- **HOW TO COMPLETE THIS TASK**
Only the lines below from the one with "CD: 2003 France" through the one with "Ingelijste digitale print" are to be written out, exactly and without any images.

- **DATASET EXCERPTS**
=== Section Start ===
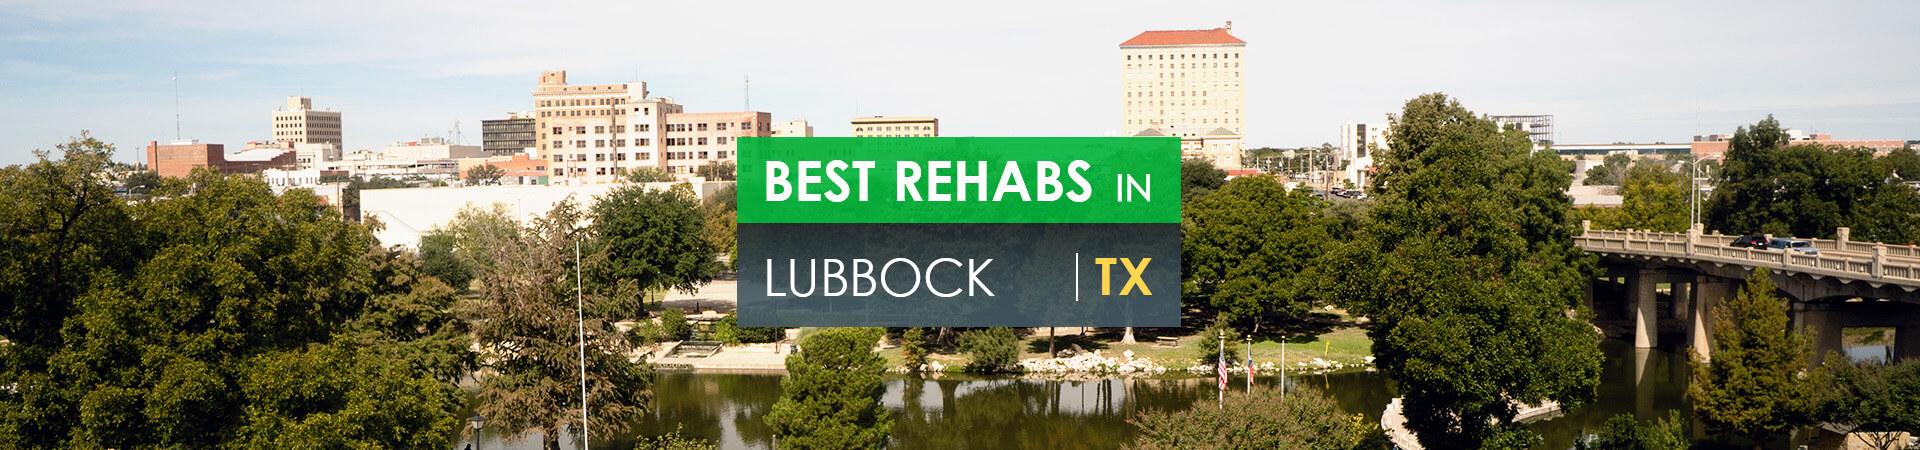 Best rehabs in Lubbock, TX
=== Section End ===
=== Section Start ===
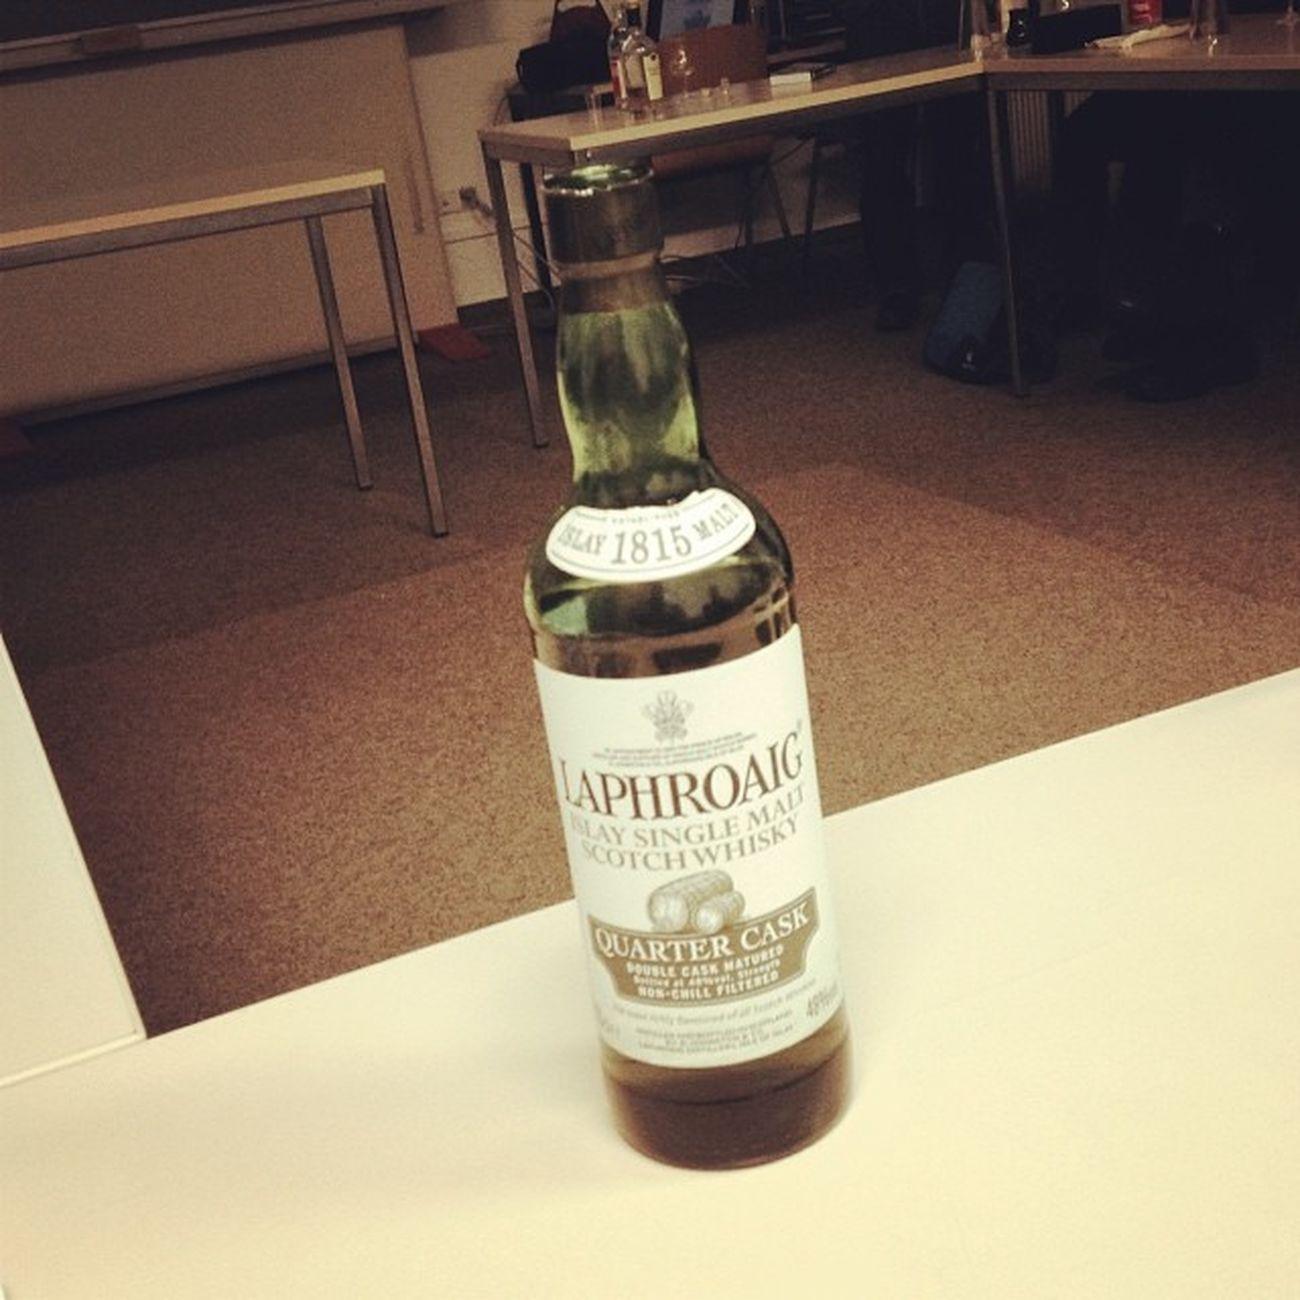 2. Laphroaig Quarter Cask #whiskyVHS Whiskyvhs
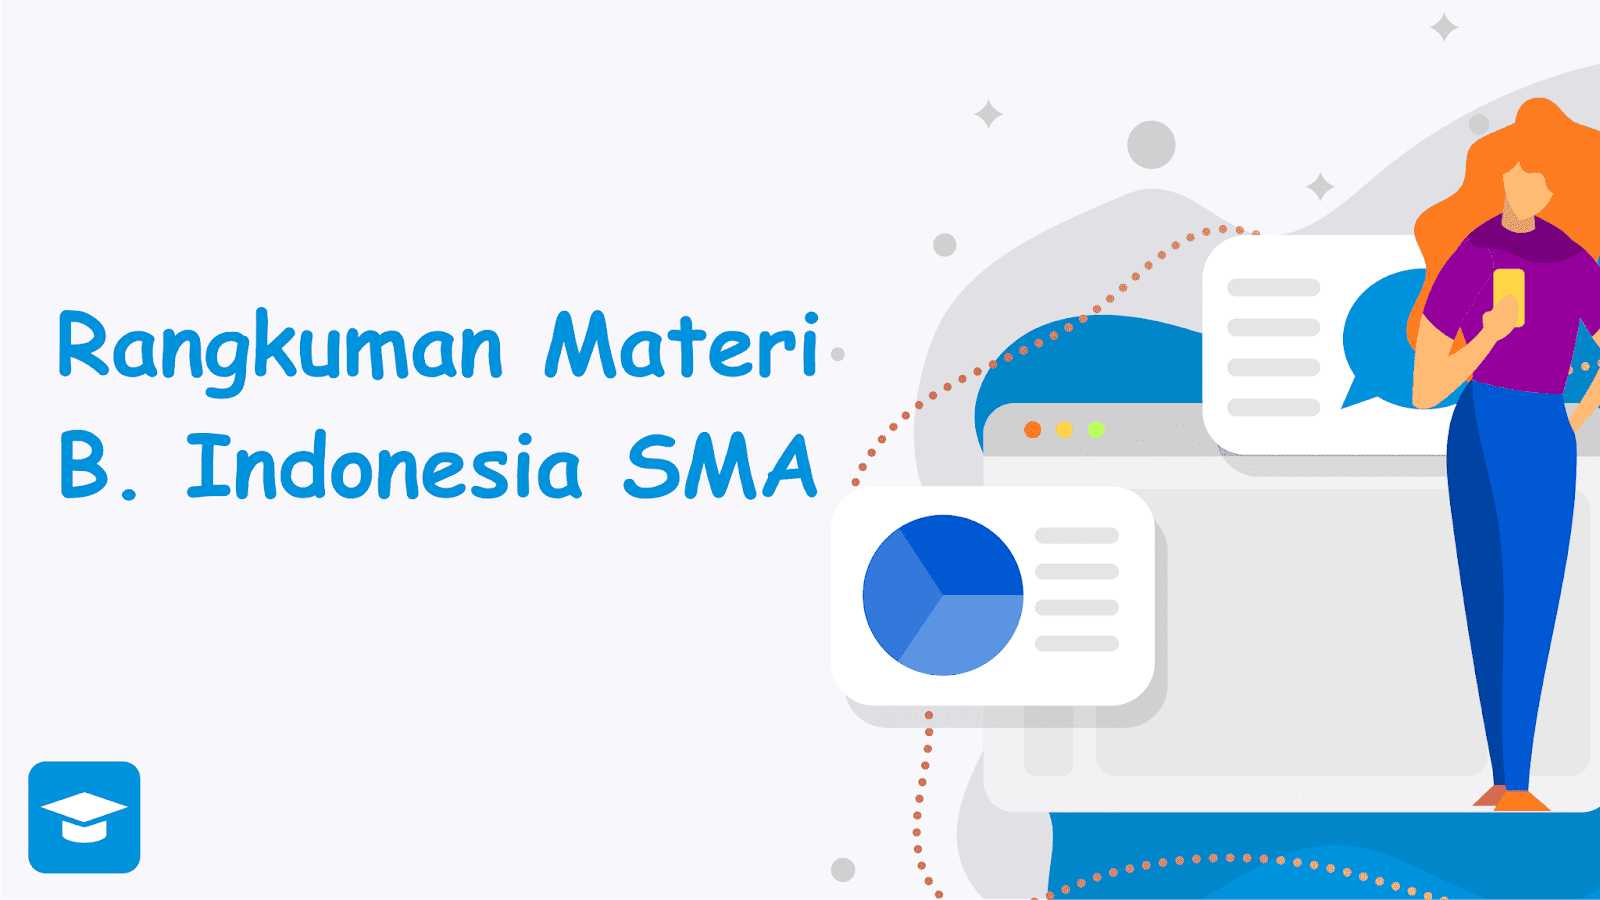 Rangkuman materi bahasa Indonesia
=== Section End ===
=== Section Start ===
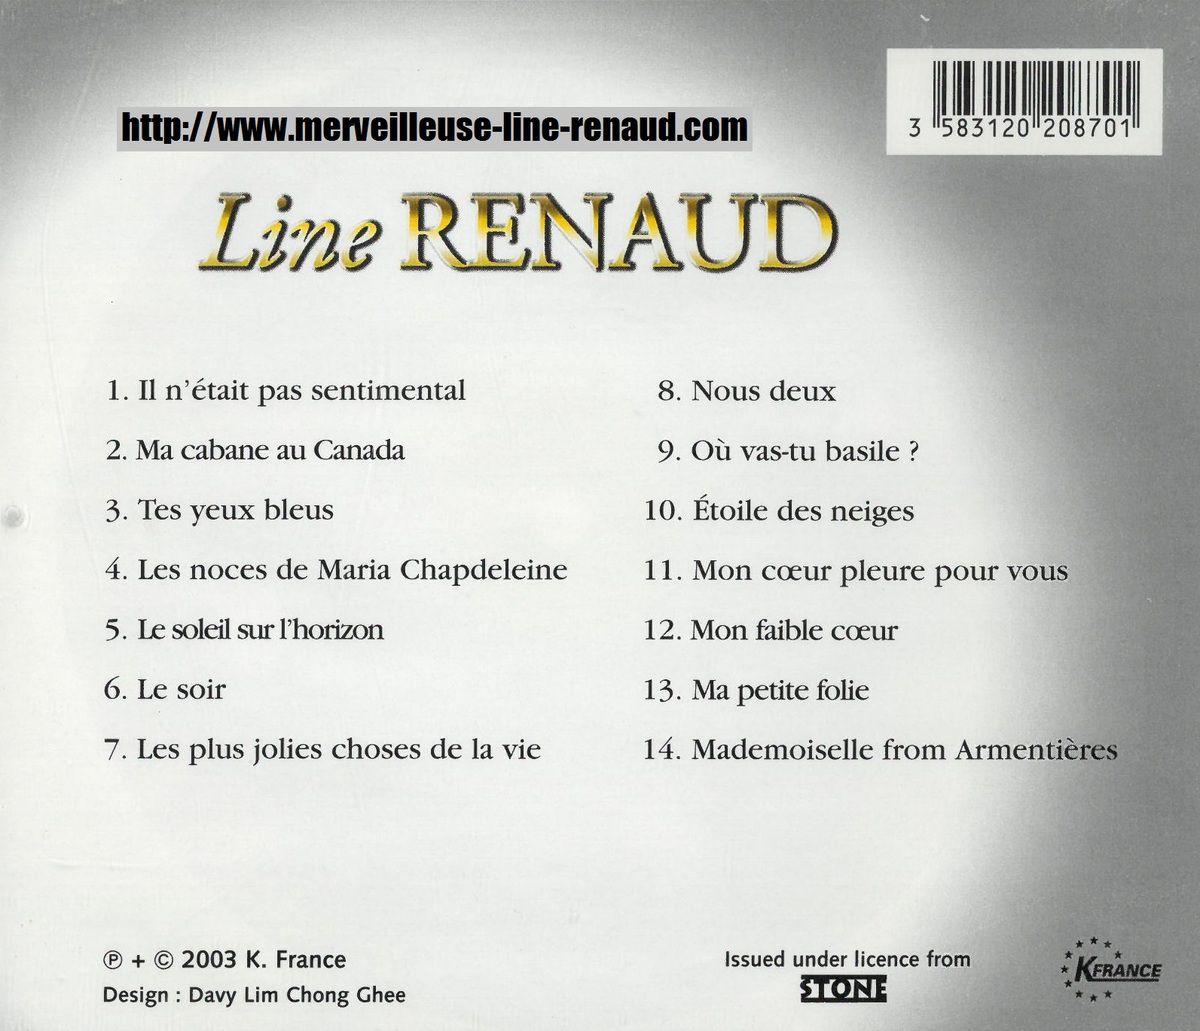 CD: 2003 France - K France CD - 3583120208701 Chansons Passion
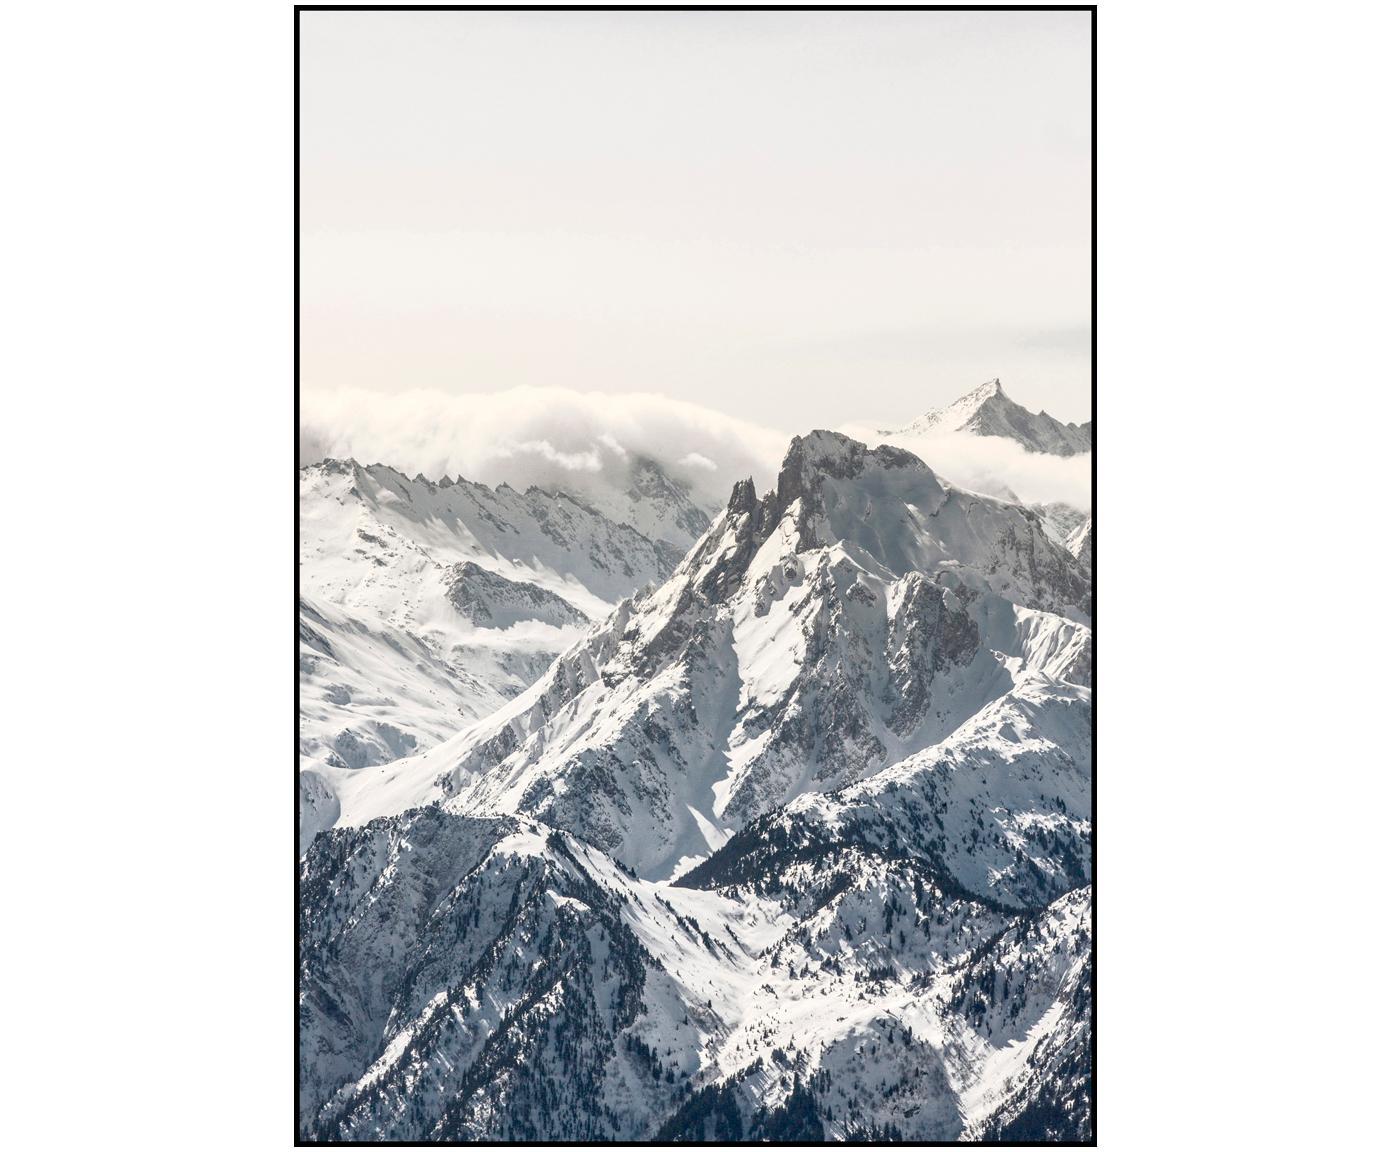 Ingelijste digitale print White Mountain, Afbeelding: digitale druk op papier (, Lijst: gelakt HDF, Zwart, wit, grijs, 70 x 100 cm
=== Section End ===
- **EXERCISE SOLUTION**
 CD: 2003 France - K France CD - 3583120208701 Chansons Passion
 Ingelijste digitale print White Mountain, Afbeelding: digitale druk op papier (, Lijst: gelakt HDF, Zwart, wit, grijs, 70 x 100 cm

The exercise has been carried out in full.